2.6 Events of Default. An Event of Default as defined in the Indenture shall be an Event of Default with respect to the Junior Subordinated Notes provided that the nonpayment of interest for so long as and to the extent that interest is permitted to be deferred pursuant to Article IV herein shall not be deemed to be a default in the payment of interest for the purposes of Article VI of the Base Indenture and shall not otherwise be deemed an Event of Default with respect to the Junior Subordinated Notes. For the avoidance of doubt, and without prejudice to any other remedies that may be available to the Trustee or the holders of the Junior Subordinated Notes, no breach by the Company of any covenant or obligation under the Indenture or the terms of the Junior Subordinated Notes shall be an Event of Default except those that are specifically identified as an Event of Default under the Indenture.
ARTICLE III
REDEMPTION OF THE JUNIOR SUBORDINATED NOTES
3.1 Tax Event Redemption. If a Tax Event shall occur and be continuing, the Company may redeem the Junior Subordinated Notes within 90 days after the occurrence of that Tax Event, in whole but not in part, before September 30, 2011, at the Tax Event Make-Whole Amount plus accrued and unpaid interest thereon, if any, to but excluding the redemption date.
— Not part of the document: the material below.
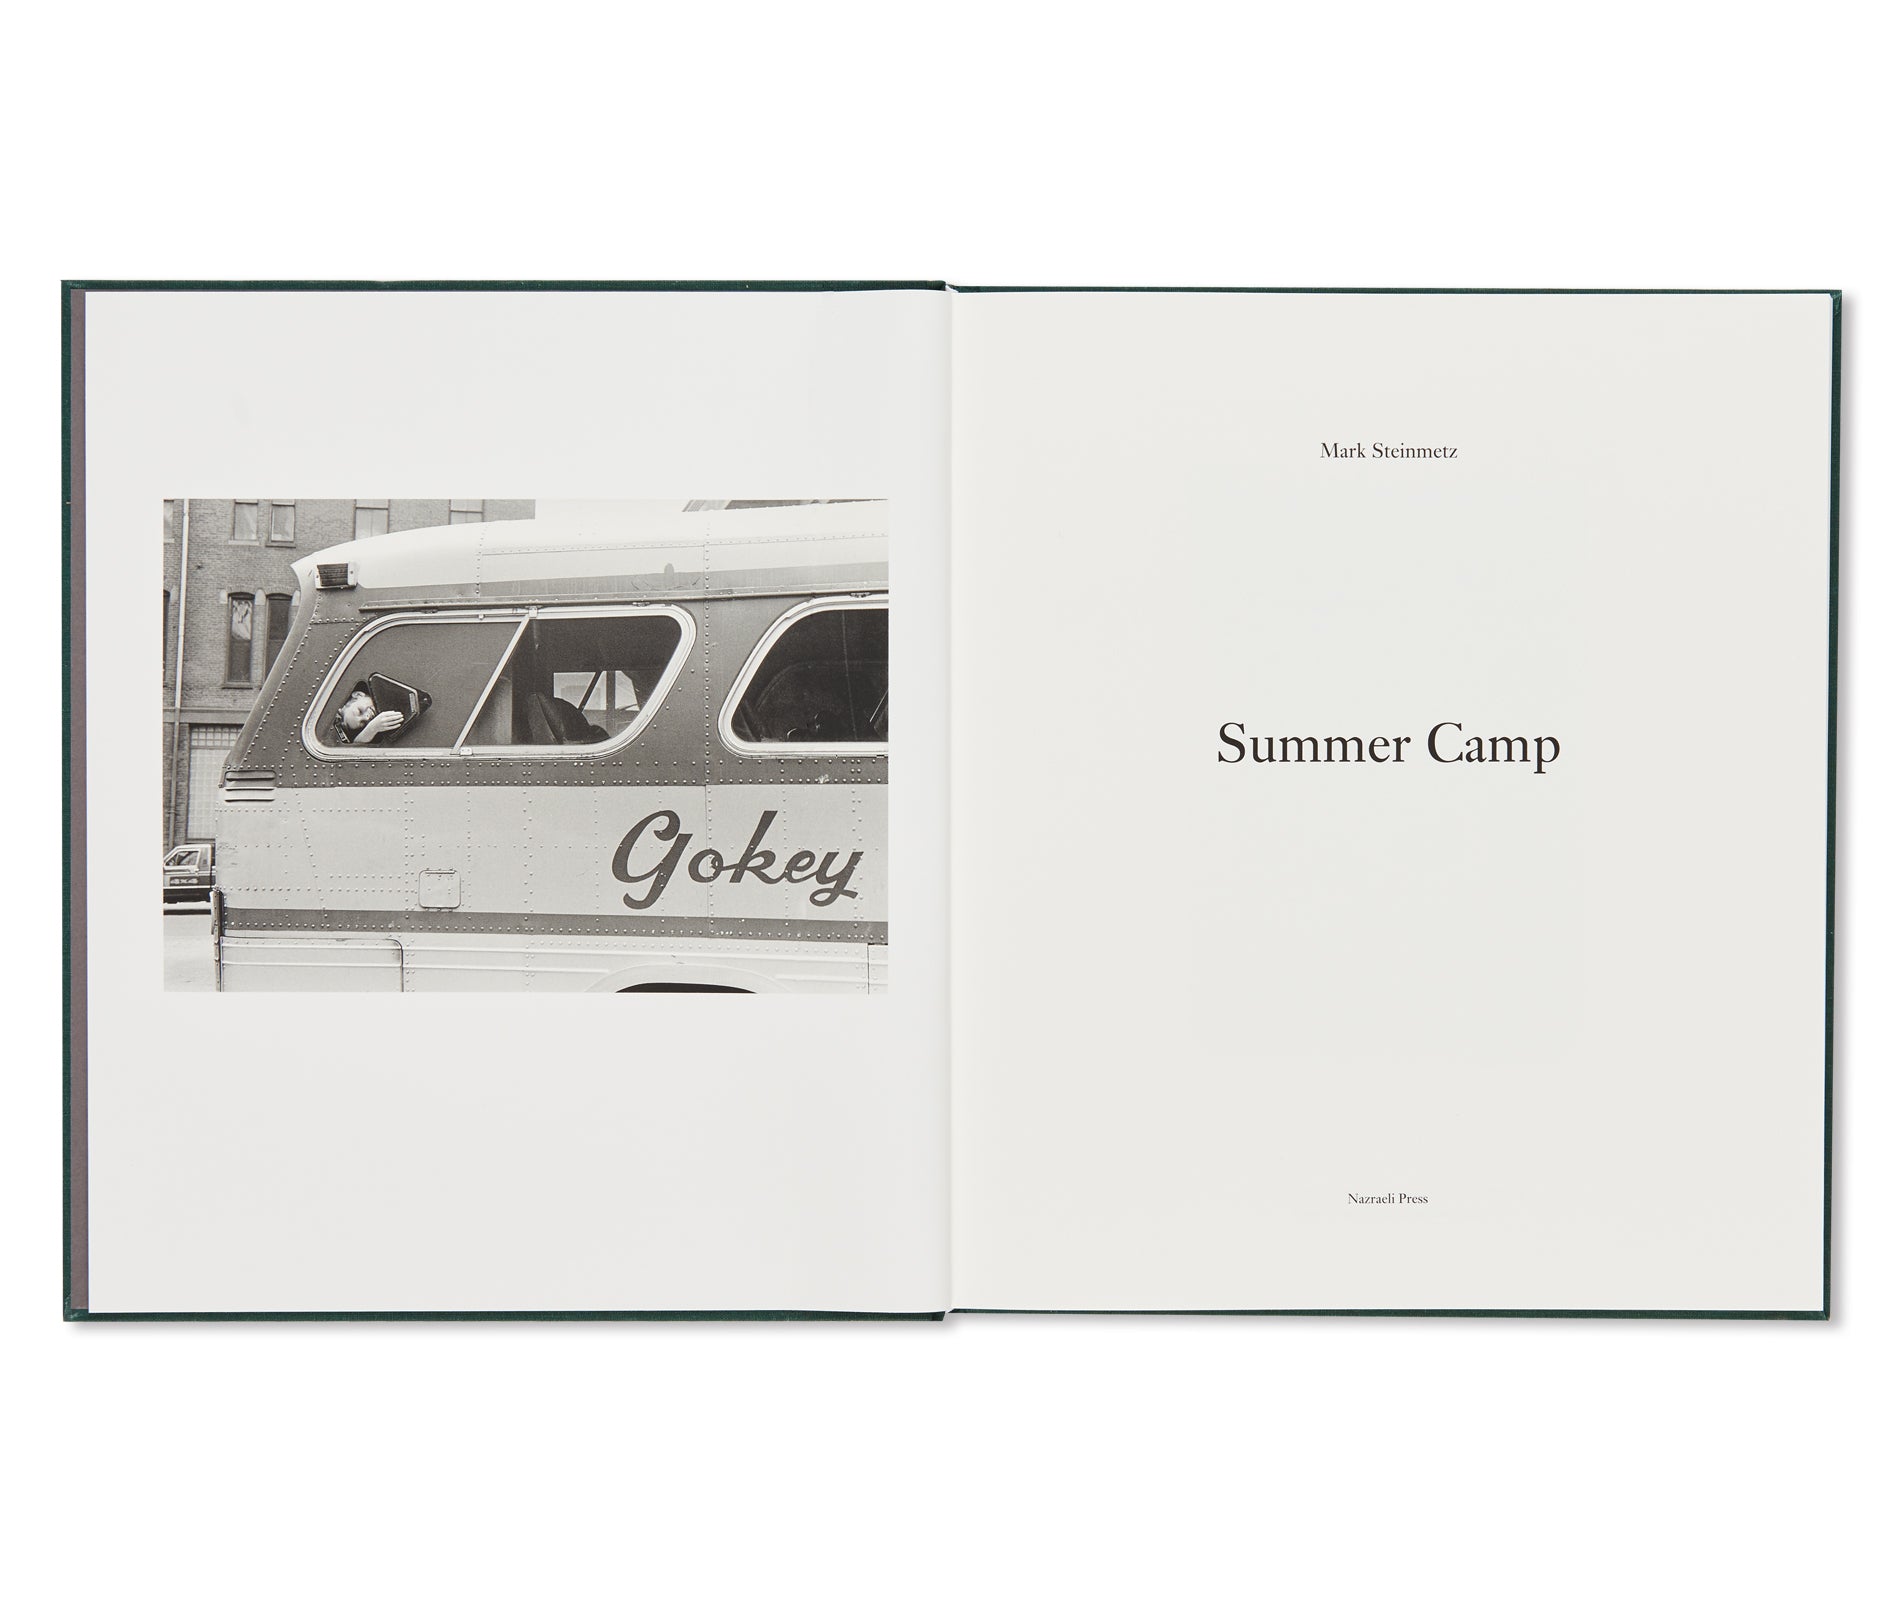 SUMMER CAMP by Mark Steinmetz

The Tax Event Make-Whole Amount shall be paid prior to 2:30 p.m., New York City time, on the date of such redemption, provided that the Company shall deposit with the Trustee an amount sufficient to pay the Tax Event Make-Whole Amount by 11:00 a.m., New York City time, on the date such Tax Event Make-Whole Amount is to be paid. The Company will notify the Trustee of the amount of the Tax Event Make-Whole Amount promptly after the calculation thereof, and the Trustee will not be responsible for such calculation.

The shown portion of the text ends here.